The counter here would be a continuum of $Ω$ s which can drive $I (Ω; X_{1} | X_{2})$ arbitrarily low at flatlining decrease in $I (X_{1}; X_{2} | Ω)$ . The full counter would prove that this is possible in the general case, not only in the BSC setting.
That it’s impossible seems intuitively obvious (consider if that worked, what possibilities it’d unlock! the universe isn’t that kind), but maybe annoying to prove and the result wouldn’t be very exciting, so it’s a low priority to me.^[1] Still, throwing this out here in case you find this reasoning convincing.
(My guess is that “maximal redunds are possible for any sets of random variables” is too strong and we need to explicitly limit it to sets of variables that are approximately structured as sparse hierarchical graphs or something. This is probably okay, see my previous thoughts about the universe’s physics selecting for that.)
1. ^
  Here’s o3′s crack at it if you want a starting point. I’ve found it’s sometimes helpful, but I’m currently fatigued from trying to paranoidally spot the place where it’s trying to slip crap past me, so I’ve not verified it.
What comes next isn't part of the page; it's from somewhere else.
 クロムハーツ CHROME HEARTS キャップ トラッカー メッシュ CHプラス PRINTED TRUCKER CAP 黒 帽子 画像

Looks right at a glance, if you ignore some weird parts.
What links here?
- Thane Ruthenis's comment on Natural Latents: Latent Variables Stable Across Ontologies by johnswentworth (4 Sep 2025 7:52 UTC; 6 points)
- Thane Ruthenis 16 Jun 2025 11:58 UTC
  2 points
  0
  Parent
  Some more spitballing regarding how to fix this:
  One thing here is that, in the relative sense, $Ω^{n}$ isn’t any more “guilty” of caring about specific variables than any one $X_{j}^{i}$ -copying $R$ , given that it captures much more shared information about $A_{i}^{n}$ s than those $R$ s do. So, to suit, maybe we should allow $ϵ_{3}$ to scale with the amount of shared information in the max-redund? Which would be uhh $S_{H} (Ω) = H (Ω) - H (Ω | X) - {max}_{i} I (Ω; X_{- i} | X_{i})$ or something.
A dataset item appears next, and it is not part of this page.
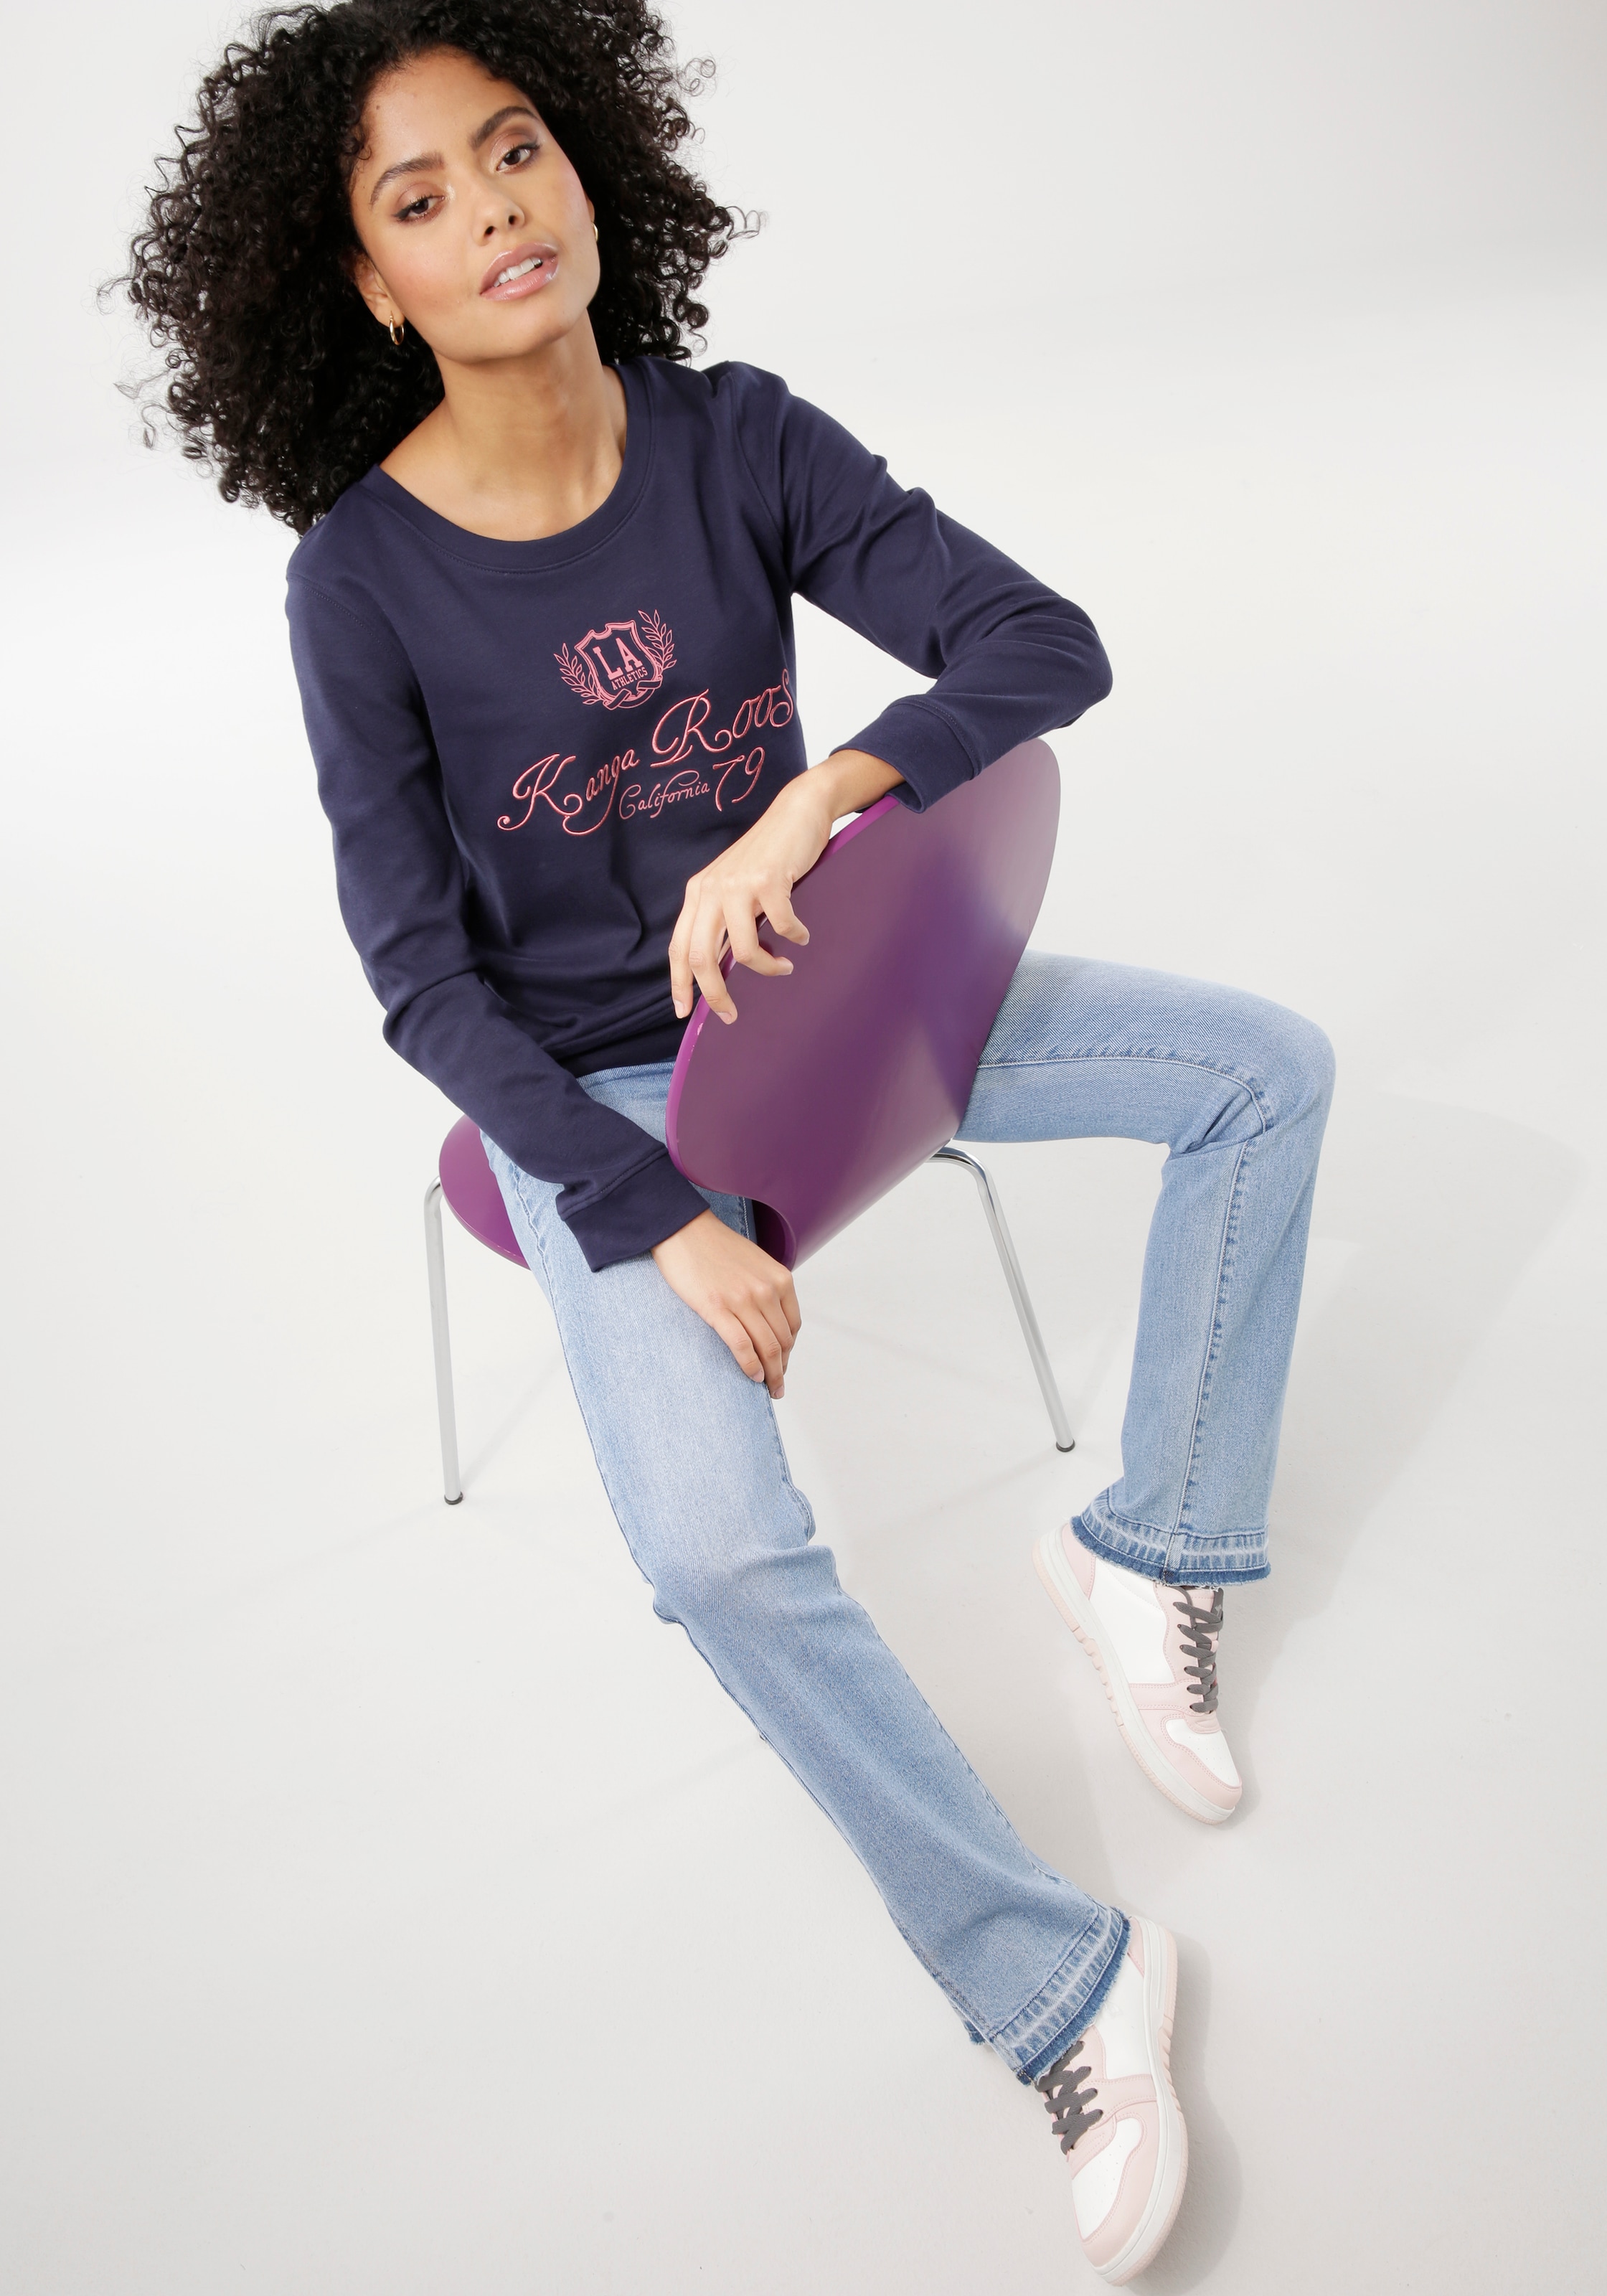 | Logo-Druck BAUR im KangaROOS trendigem Sweater, bestellen mit Collage-Stil neuen

  Generalizing, maybe it should be “permitted” for redunds to contain more unique information the more shared information they have? Which would make the tuning parameter for “how pure of a redund $R$ is” not ${max}_{i} I (R; X_{- i} | X_{i})$ (aka your $ϵ_{2}$ ), but $\frac{S_{H} (R)}{H (R)}$ , i. e., the fraction of the redund’s total entropy^[1] that is shared information. That makes intuitive sense to me.
  1. ^
    Or its $X$ -relevant entropy? Subtract $H (R | X)$ from the denominator too then.